Thanks for the feedback, guys. I spent many hours last night researching this deal and am becoming set on the Riptide ST80 iPilot. Yep, sure is pricey - around $1400. But a 2 yr factory warranty is impressive. So is being able to fish from a tower or console and control the bowmounted motor. I like the idea of the unit recording gps tracks and making the same troll at any selected speed, while compensating for wind/tide, along an uneven drop or shoreline time after time. Unfortunately, I think it will only store 6 tracks in memory - I can think of 20 that I'd like to record. And the automatic 'anchor in place', again compensating for wind/tide, whenever commanded will be very useful.

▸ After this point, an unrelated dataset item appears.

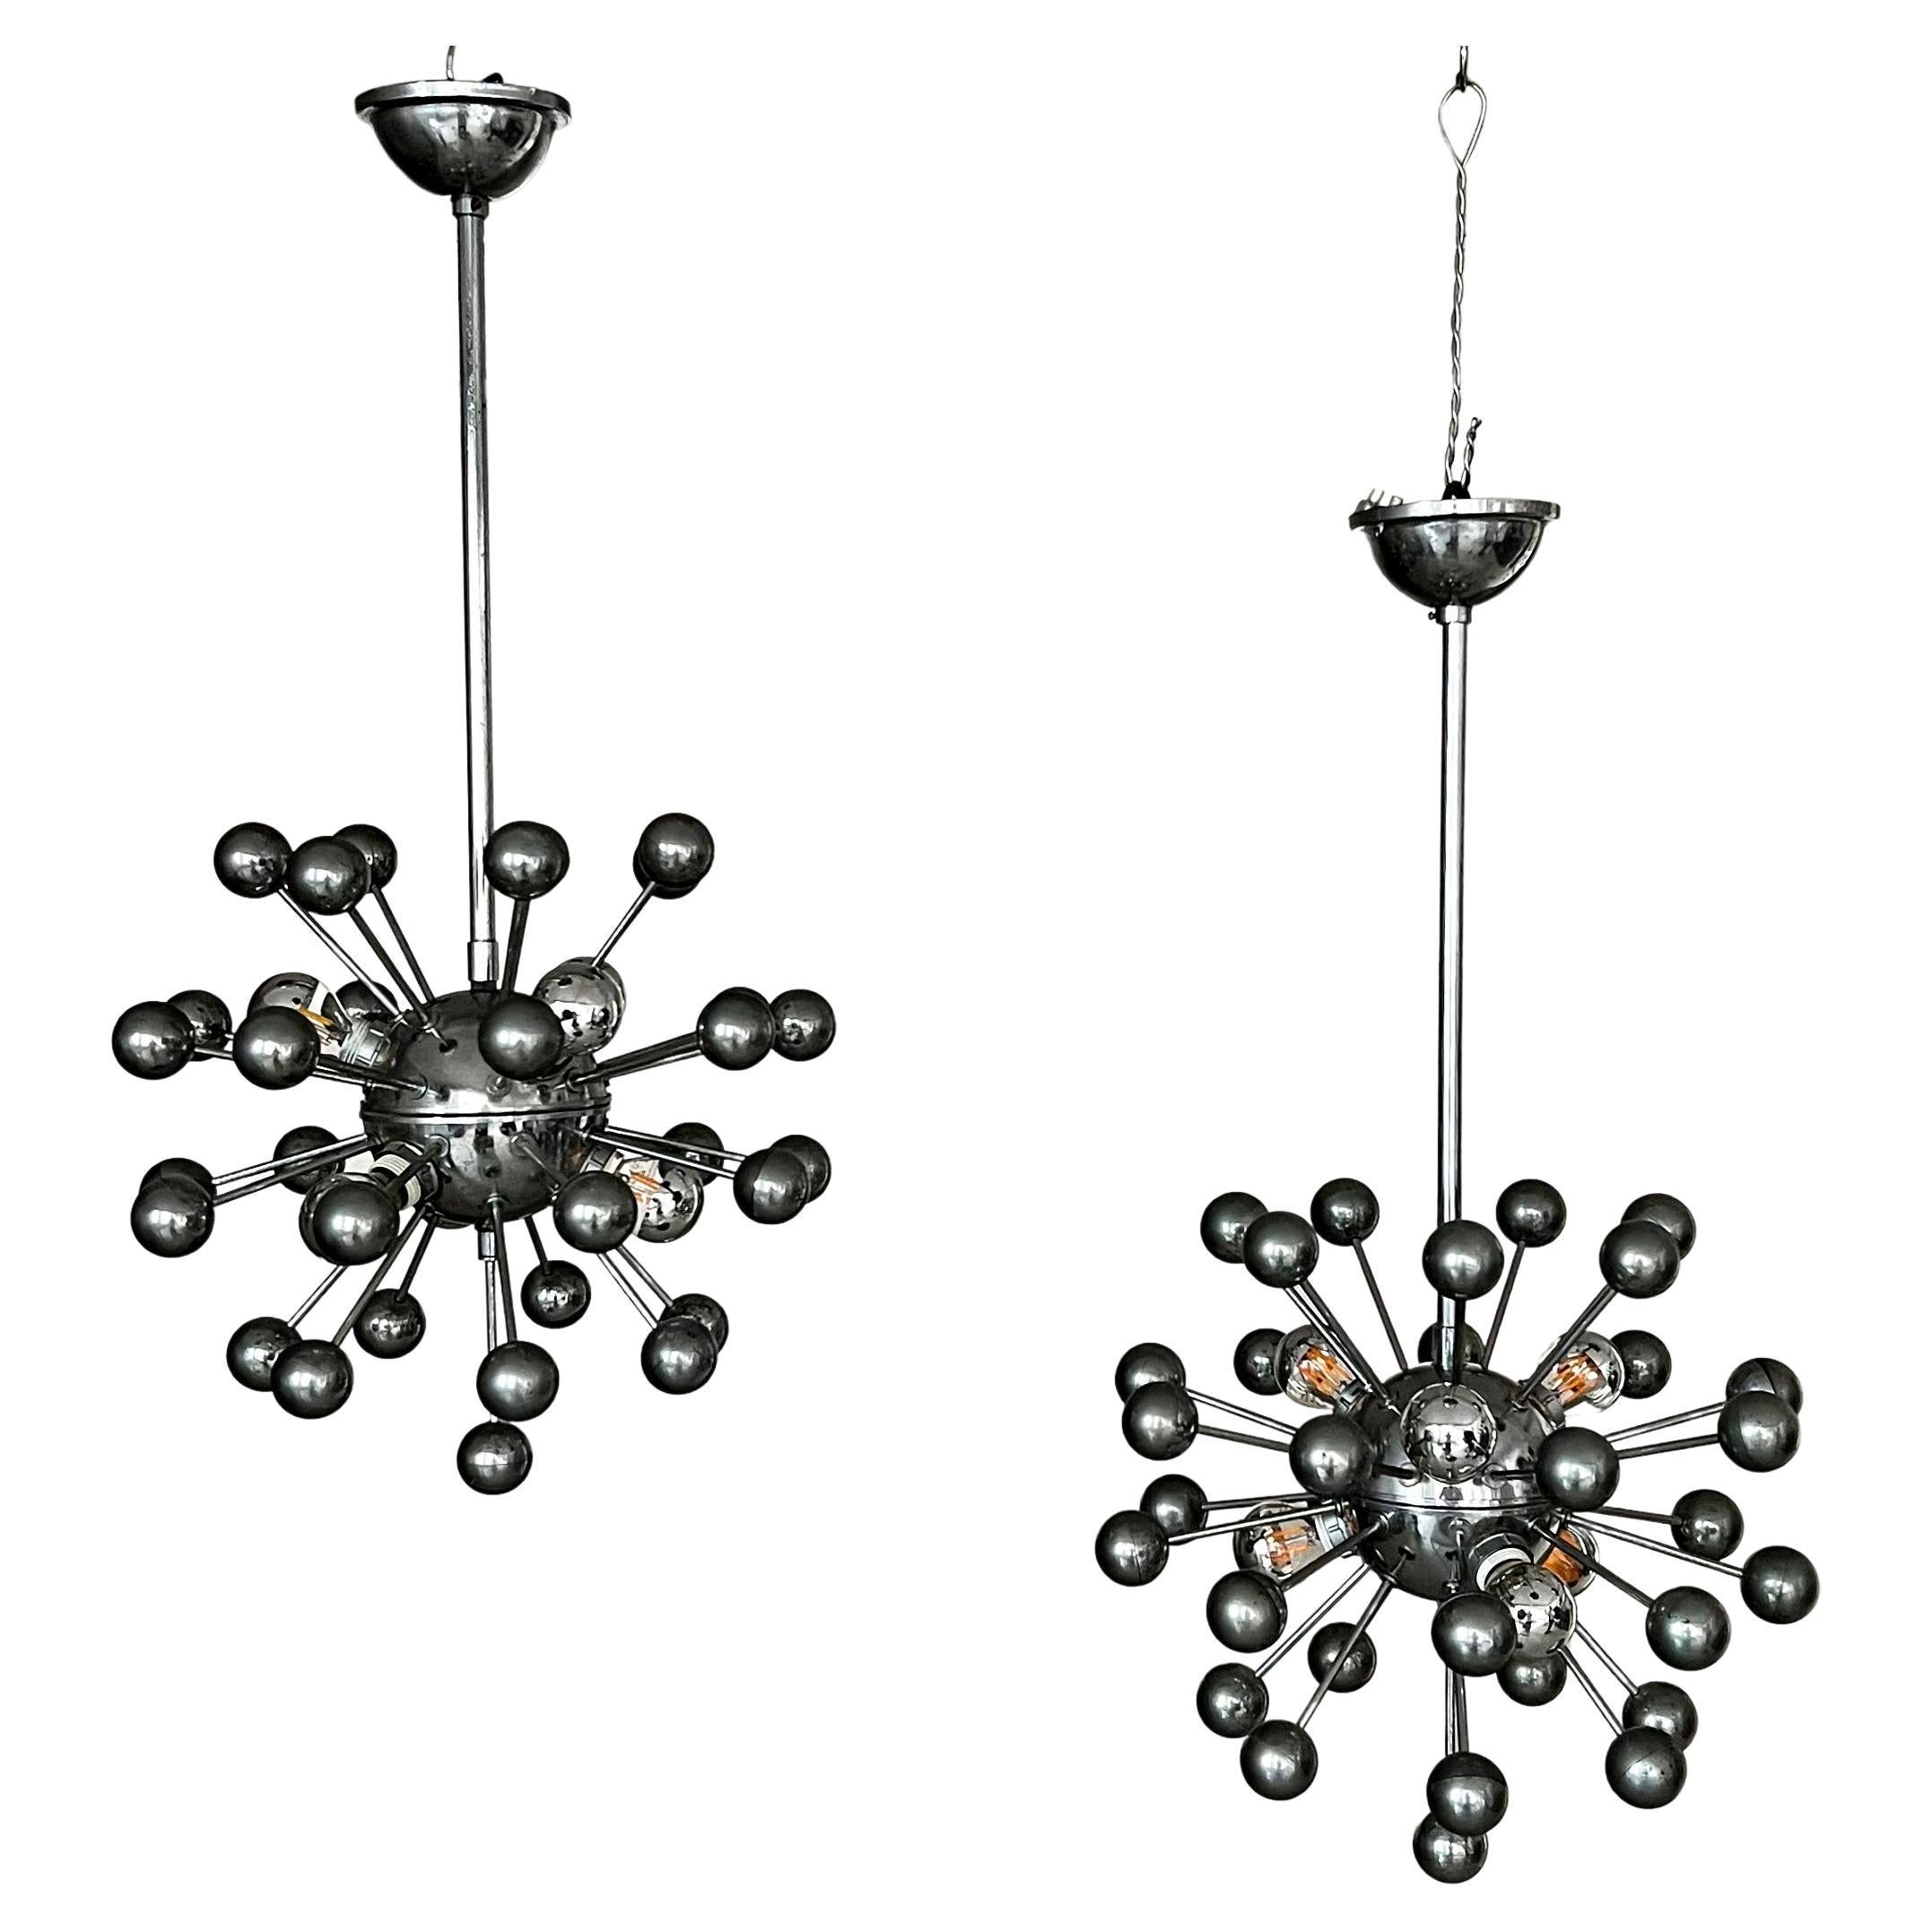 Chromed "Sputnik" Space Age Pendant Lamps, 1960s Italian Decorative  Chandelier For Sale at 1stDibs

A quick disconnect will certainly be a necessity on a RFL to keep this baby from getting beaten up.


----------



## Trappezoid2021 (Jun 27, 2011)

*I-Pilot Trolling motor*

Good selection FD, I have the same one and love it,,,what I like about it also is when I take the little lady fishing,,,ie.. she dont like to wade.. and the old tiller type was controlled from the front of the boat where she tends to fish because I have a the casting platform at rear of the boat, now I can stay on the platform and make all the tracks I like,,,much more fun and easier....plus I now get to fish also...I got Steve @ FTU to install mine and actually bought it from him,,,he did me right,,,like you said expensive,,,but monies well spent in my book. Hope you enjoy it as much as I have so for....

TZD


----------



## Dgeddings (Sep 16, 2010)

great choice, one tip on the IPilot's anchor ability to get it working the best, go towards the spot you want to stop at bow into the wind/current whichever is stronger and get going less than .3mph before you hit it, the biggest complaint i hear about that feature is Oh my boats moving around to much, well it saves the coords of the trolling motor not the boat so anything you can do to keep the trolling motor in the same spot ideal, I use mine a ton and it's been probably the best upgrade I've gotten over the last couple years


----------



## Fishdog (Jun 22, 2004)

Thanks guys for the tips.


----------